Whether you’re generally anxious or find yourself afraid in particular circumstances—like public speaking or when expressing opinions to important stakeholders at work—fear can be debilitating. Not only can it keep you from realizing your goals, but it can also prevent you from simply enjoying your day to day life. I know because I was ruled by fear for decades—and I’m not alone.

This is an issue many people talk to me about. Part of the problem is that in Western culture fear is something we’re generally taught to ignore or suppress; when we can’t, we get even more overwhelmed.

The Buddhists have a different approach. They suggest you befriend your fear, turn toward it as you would toward someone you loved who was feeling afraid: “Oh, you poor thing, I see you are afraid. You’re not alone. I’m right here with you.”

In saying this you give your fear attention, neither ignoring it nor making more out of it than there is. It sounds backward, but oftentimes, paying attention to a feeling can make it lessen or even disappear. These words can also help you to see that you’re more than your fear. Yes, there is the scared person inside you. But there is also the bold, wise part of you. Getting in touch with that wiser, braver self helps you act from confidence rather than fear—act not out of fear but in spite of it.

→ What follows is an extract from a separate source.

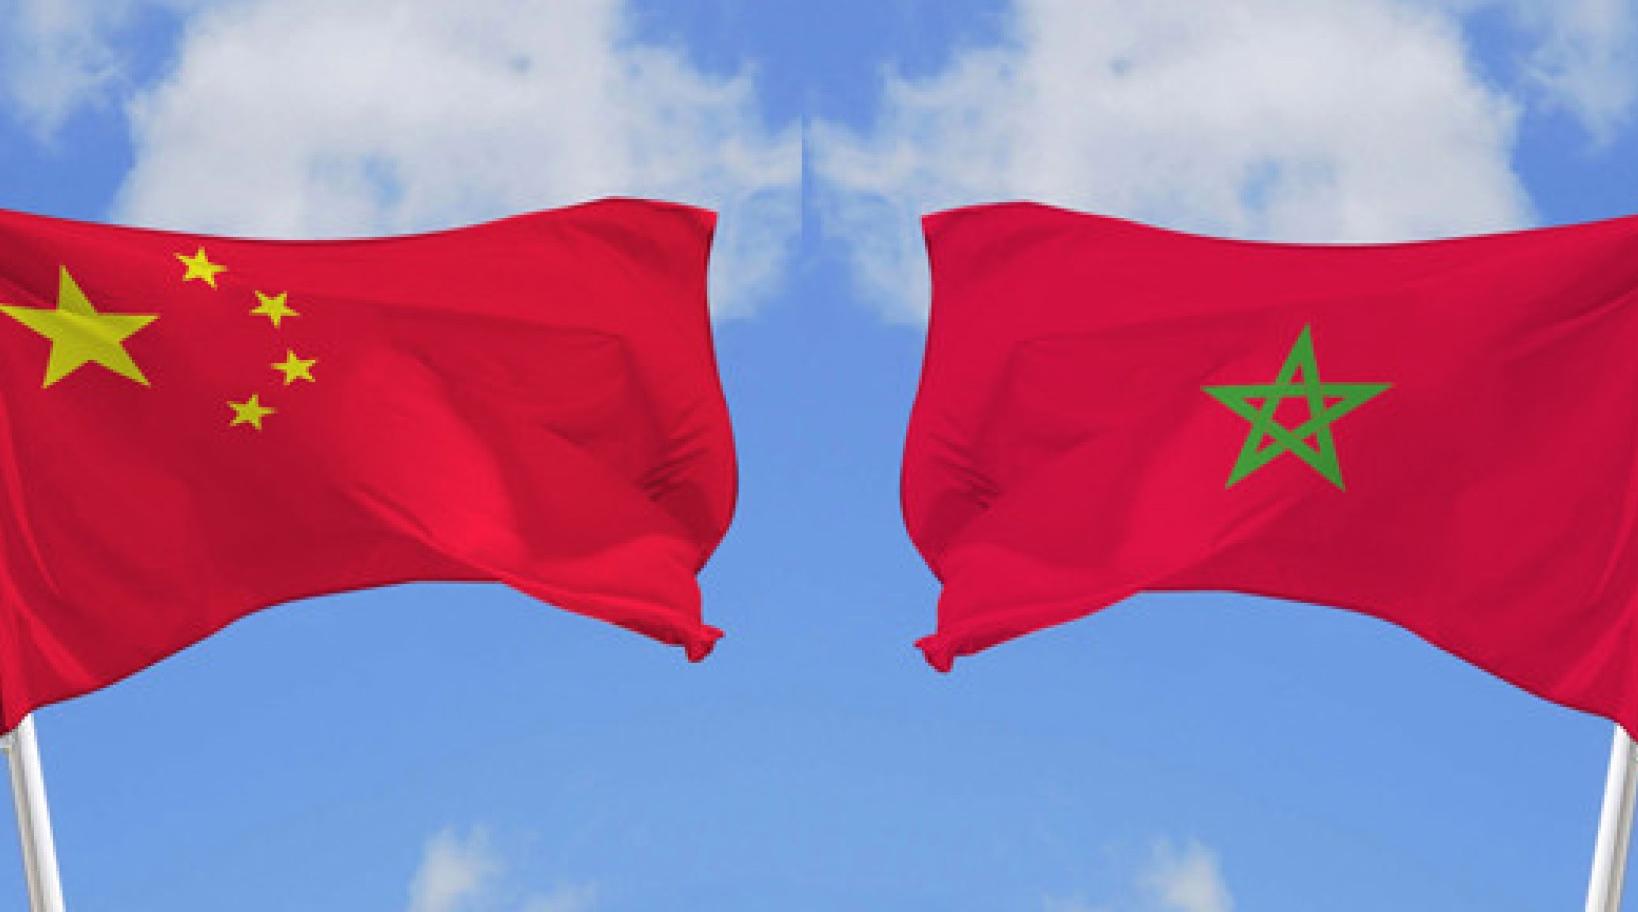 Le Maroc et la Chine partagent la même vision stratégique Sud-Sud

RELATED: Self-Compassion: The New Secret to Being Slim, Fit, and  Happy for Life

To find confidence: "Undistort the distortion”

This is an idea that Sheryl Sandberg wrote about in Lean In, and it’s based on the fact that, according to many studies across a wide range of disciplines, women are plagued by much lower self-confidence than men. This unfortunate phenomenon shows up in various ways. For instance, women consistently judge their performance as worse than it actually is, while men judge their performance as better than it is. And when it comes time to apply for a job, women don’t feel qualified enough to apply unless they match 100% of the criteria, while men through their hats into the ring if there is a 50% match.

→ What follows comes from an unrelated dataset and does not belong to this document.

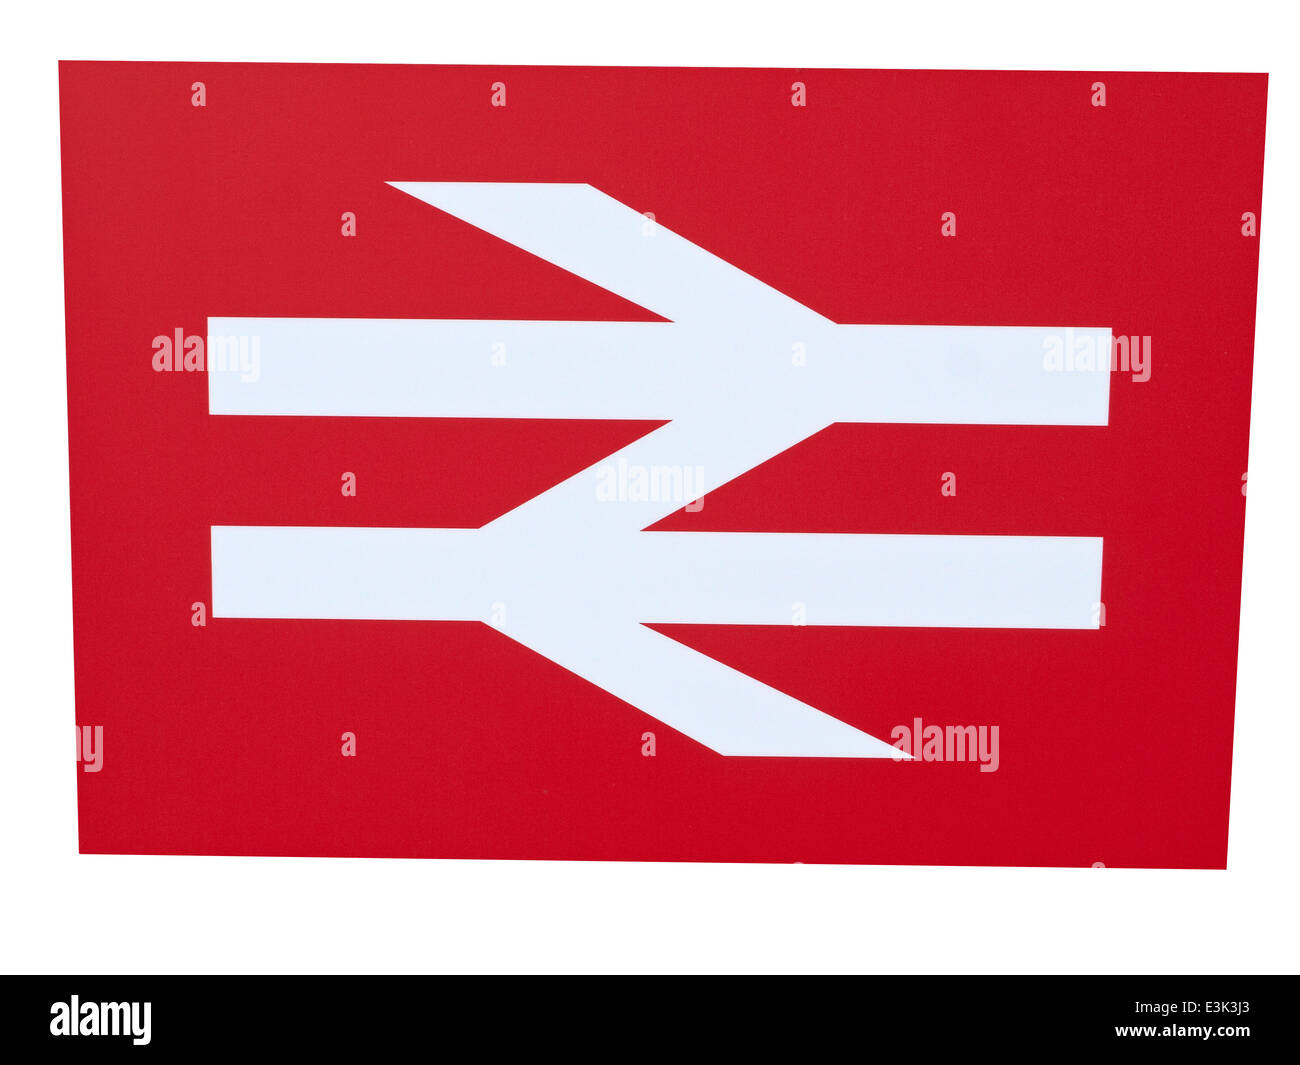 Logo British rail sign close up close-up libre de découper découpe cut-out Banque D'Images

Even when we understand this phenomenon is social, not personal, it can be very hard to change. In writing about it, Sandberg noted about herself, “I learned over time that while it was hard to shake feelings of self-doubt, I could understand that there was a distortion. … I learned to undistort the distortion.”

The words jumped off the page at me as fodder for a wonderful habit changer. Since then, women I’ve worked with have used it to recognize when they’re doubting themselves and to act in spite of their self-doubt, knowing that if they waited until they felt self-confident, they would wait forever. As one woman who used it to start her own business put it, “It helps me remember by feeling of unworthiness is a lie so I don’t have to listen to it as much.”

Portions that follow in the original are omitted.